Whats missing in this example? That the intercept can be different between local and foreign firms (i.e., there is no D in the full model).
More precisely, when will this be true? If, and only if, the coefficients from running same model on sub-samples are equivalent to coefficients in total sample. Then the estimated errors are equivalent, and so sum of total sample is sum of sums within sub-samples.
Lets show an example in R
N = 1000
X1 = 5*runif(N)
X2 = 5*runif(N)
D = 1*(runif(N)>0.5) # indicator if foreign firm
beta1_local = 0.4
beta1_foreign = 0.45
beta2_local = 0.6
beta2_foreign = 0.55
df <- tibble(X1, X2, D) |>
mutate(
log_Y = D * log(X1) * beta1_foreign + (1-D) * log(X1) * beta1_local +
D * log(X2) * beta2_foreign + (1-D) * log(X2) * beta2_local + rnorm(N),
log_X1 = log(X1), log_X2 = log(X2)
)
mod_full <- lm(log_Y ~ log_X1 + log_X1:D + D + log_X2 + log_X2:D, data = df)

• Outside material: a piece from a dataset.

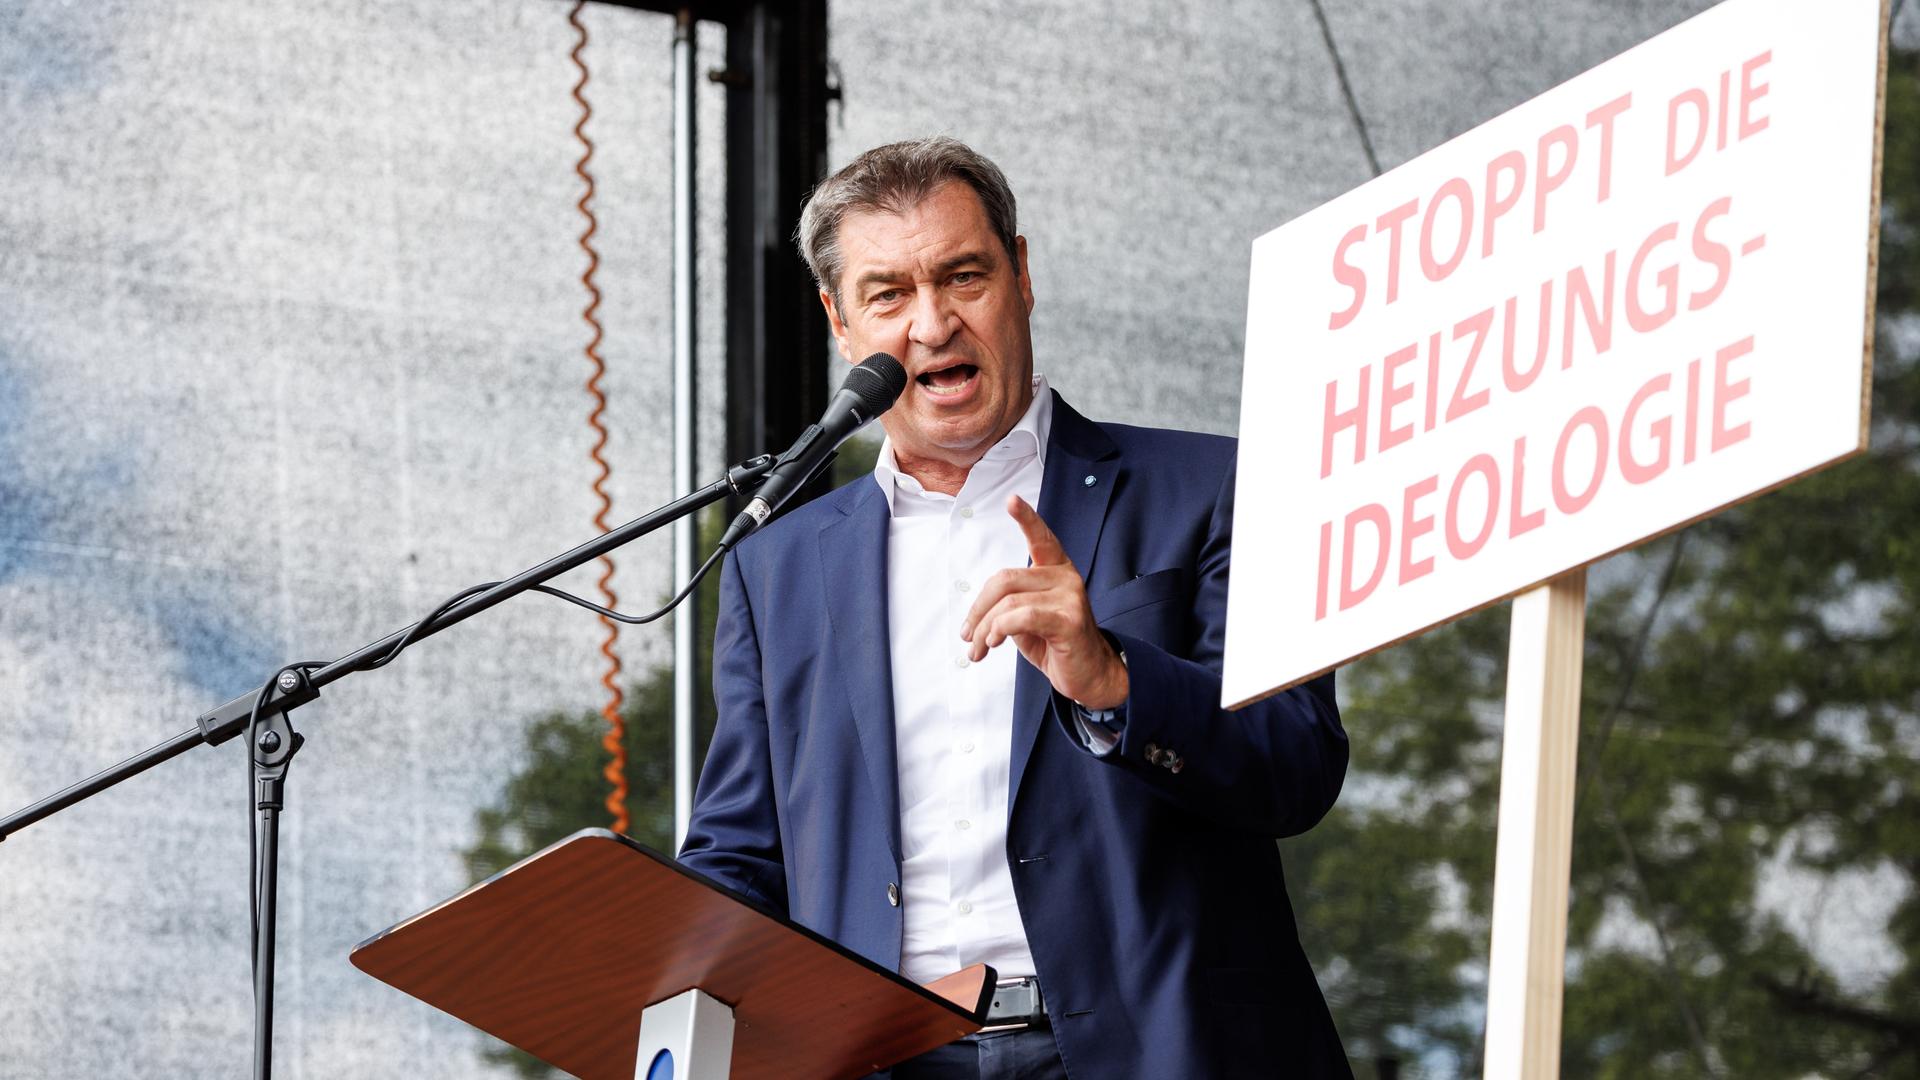 Markus Söder (CSU), Parteivorsitzender und Ministerpräsident von Bayern, spricht bei einer Demonstration gegen die Klima-Politik der Ampelregierung unter dem Motto "Stoppt die Heizungsideologie".

mod_full_wo_D <- lm(log_Y ~ log_X1 + log_X1:D + log_X2 + log_X2:D, data = df)
mod_short_local <- lm(log_Y ~ log_X1 + log_X2, data = df |> filter(D == 0))
mod_short_foreign <- lm(log_Y ~ log_X1 + log_X2, data = df |> filter(D == 1))
ess_long = sum(residuals(mod_full)^2)
ess_long_wo_D = sum(residuals(mod_full_wo_D)^2)
ess_short_local = sum(residuals(mod_short_local)^2)
ess_short_foreign = sum(residuals(mod_short_foreign)^2)
ess_long[1] 1038.606
ess_long_wo_D[1] 1038.931
ess_short_foreign + ess_short_local[1] 1038.606
7.C
False. When foreign firm, then capital productivity is \(\delta_1 + \delta_3\).